You may think you don’t have the space to bring a bike - or that they aren’t worth the space they do take up - but a bike is quite possibly the best campervan accessory there is.
The benefits are far more wide-ranging than any other accessory. A bike can provide simple, functional practicalities, as well as being in itself a vehicle for pure enjoyment. We’ll take you through everything a bike has to offer and how best to go about bringing your bike with you.
What makes bikes the best campervan accessory?
One of the stand-out benefits is the alternative form of transport a bike provides. When visiting a historic town or village, navigating their winding, narrow streets is a stressful affair in a campervan. Then, once you’ve actually made it to the car park, the price is often extortionate.
But on a bike, cycling into even the most intricate maze of medieval streets presents no hassle. Often, it’ll be faster than travelling in even a standard sized car. Parking fees are avoided and getting around town is far easier than having to catch public transport or pay for a taxi.
Back at the campsite, picking up a few supplies for dinner and the morning’s breakfast becomes a far easier task. Going to the shops by bike means that the invariably narrow lanes leading up to a campsite need only be negotiated twice - once on arrival and again on departure.
Electric bikes, also known as e-bikes, are a great way to really maximise the benefits bikes bring. The pedal assistance they provide allows you to travel significantly further for the same effort. Their prices have been dropping in recent years, making them a far more accessible option than they ever were.
Practicalities aside, the best thing about cycling is the thrill of the ride. Having travelled out to the countryside with your campervan, you can take full advantage of being able to enjoy quiet roads from the moment you set off.
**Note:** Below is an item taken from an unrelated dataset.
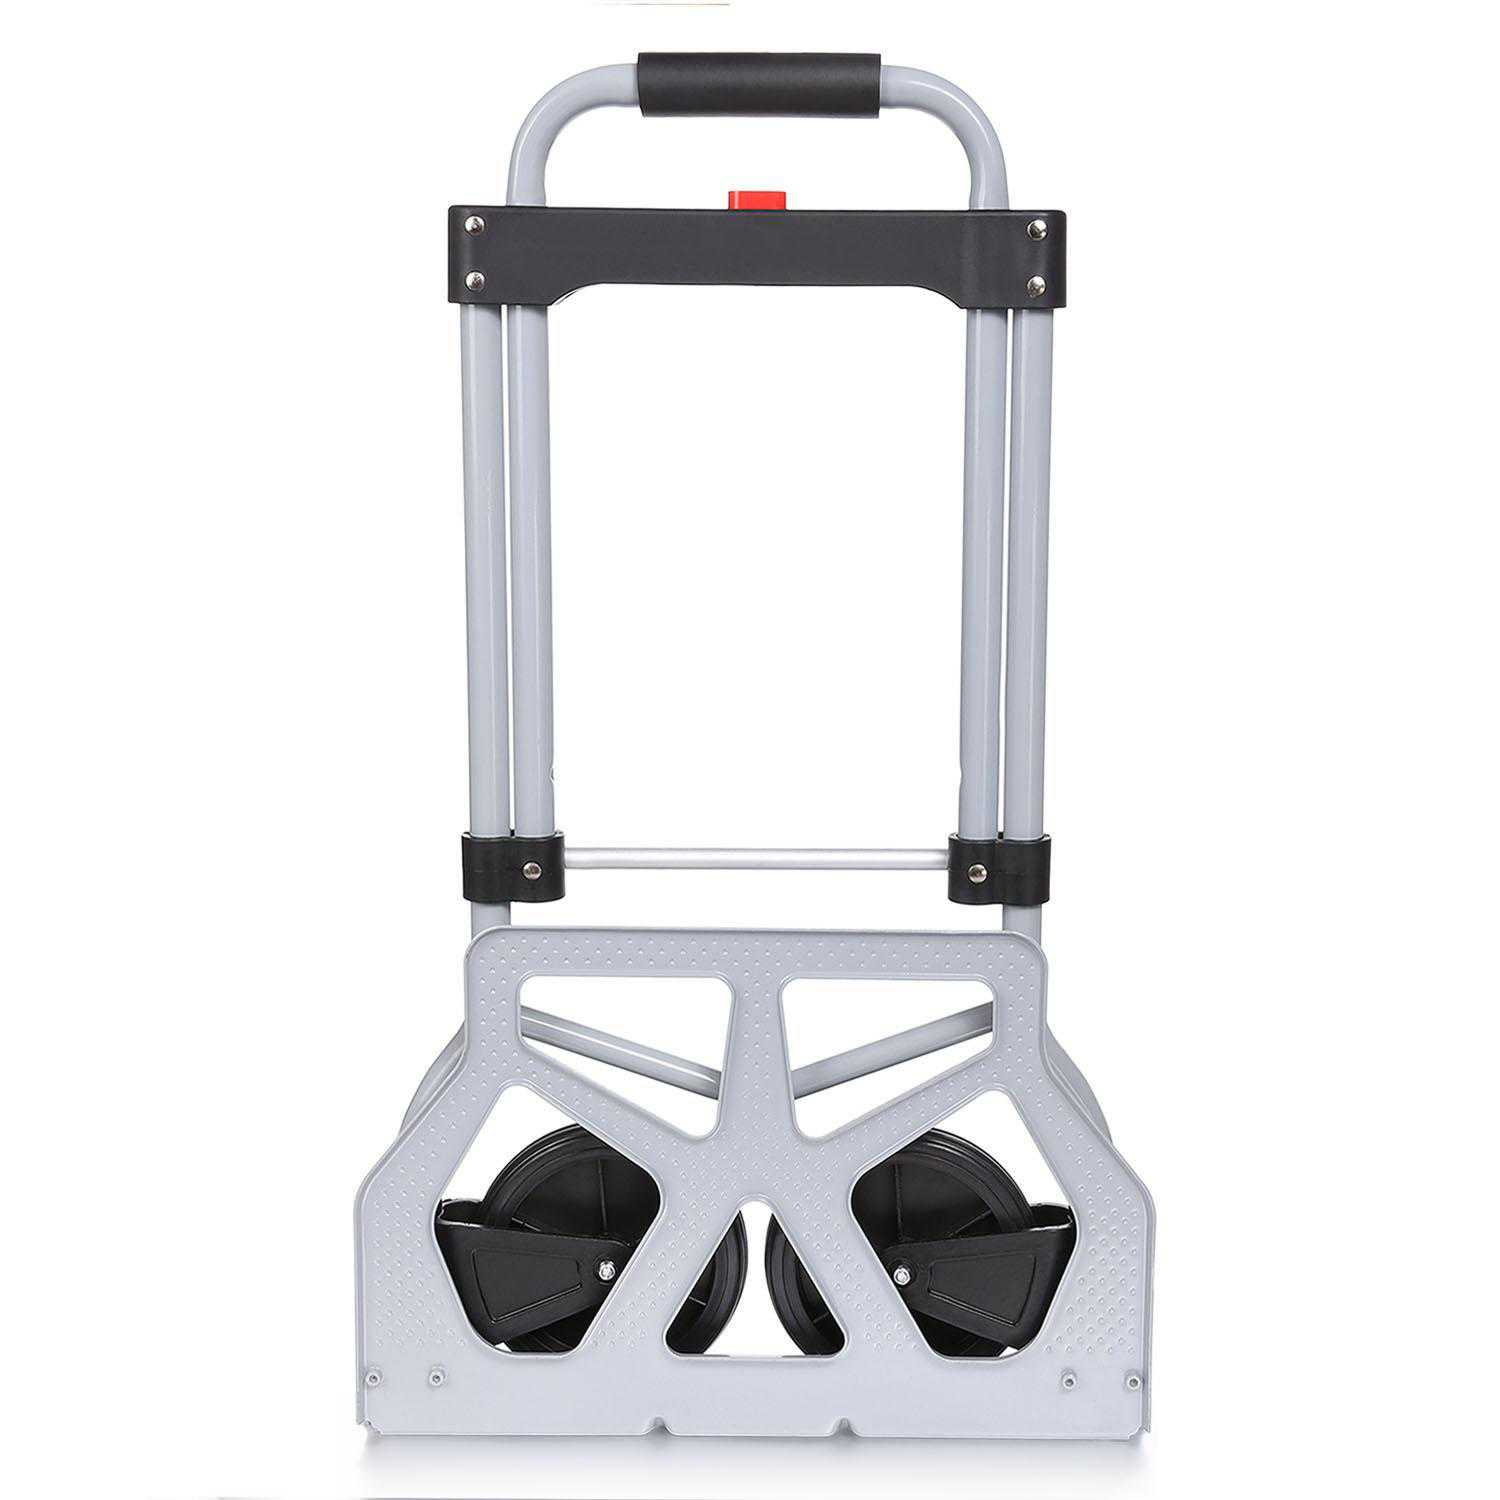 Portable Folding Hand Truck Dolly Luggage Carts, Silver, 220 lbs Capacity, Industrial/Travel/Shopping Aphe

Or, if your holiday centres more around walking, just cycling a couple of kilometres opens up a far greater variety of hiking routes than just starting from the campsite.
>>> Read: Best electric scooters
Should you be venturing away from the UK, perhaps into France or Spain, you can treat yourself to a tour of some of the best roads in Europe - without the fuss that comes with trying to take a bike on a flight.
And we're not just talking iconic Alpine ascents - the continent boasts cycle paths unlike few others in the UK. Cycling to get your morning croissant or baguette has never been more relaxing.
On a less physical, but equally enjoyable note, having a bike allows you to make the most of the local bars - eschewing the need for someone to take up the mantel of designated driver.
We don't advocate drinking too much, but enjoying a mid-ride small beer in the French countryside or a caña y tapa in Spain is always a good addition to the day.
While there is no law in Britain that specifies exactly how much alcohol is permissible for a cyclist to drink, it is illegal to cycle “under the influence of drink or a drug to such an extent as to be incapable of having proper control of the cycle” (Section 30 of the Road Traffic Act 1988). And naturally, if travelling abroad, do ensure you are aware of the relevant local laws.
The best ways to bring a bike campervanning
The simplest way of bringing a bike is to choose a folding model. These collapse down to quite a small size and then can just be popped in the back of your vehicle. They also tend not to be too expensive and have the added benefit of being easy to store at home too.
>>>Read: Best folding bikes
It is worth buying carry bags to put the folding bikes in. Bikes can get quite mucky after a ride in the wet, and the last thing you want to do is then place them inside your nice clean vehicle. Note just how foldable the model of bike you are looking at is, for some pack down significantly smaller than others - a deal-breaker if you’re tight on space.
Mounting the bikes on the outside of your campervan is a more complicated affair, but it does save a significant amount of space inside and allows you to bring full-sized bikes. Many people also choose to transport folding bikes in this way for the same reasons.
Full sized bikes are more enjoyable to ride, letting you ride for longer distances. If cycling is more of the focus of your trip, a full-sized bike on a bike rack represents the optimal choice.
>>>Read: Best electric folding bikes
There are many, many different ways to secure a bike rack to a campervan, depending on exactly what vehicle set-up you have. These are some of the main ones:
Motorhome or caravan
There are a couple of mounting options in this setup, such as mounting on the tow ball or to the body of the campervan.
Mounting to the tow ball offers the benefit of having the rack closer to the ground, meaning you don’t have to lift the bikes as high to put them on. However, pay close attention to the maximum load it can take, as the bike’s weight is effectively placed on a lever. They don't have to be too heavy before the weight limit is exceeded.
If mounting to the back of a motorhome or campervan, make sure that if there is a window, the top part of the rack is installed above it. Adding some wood batten inside the wall skin to bolt the rack to will help spread the weight as well.
If your campervan has vertical doors (i.e., ones that open out to the sides), then it helps to have a rack that is fitted only to the main opening door. This allows you to still access the boot, as the rack can swing open with the boot.
This style of door is fairly straightforward when it comes to mounting a bike rack. Just make sure that the door will be able to open fully without the rack touching the roof before installing it.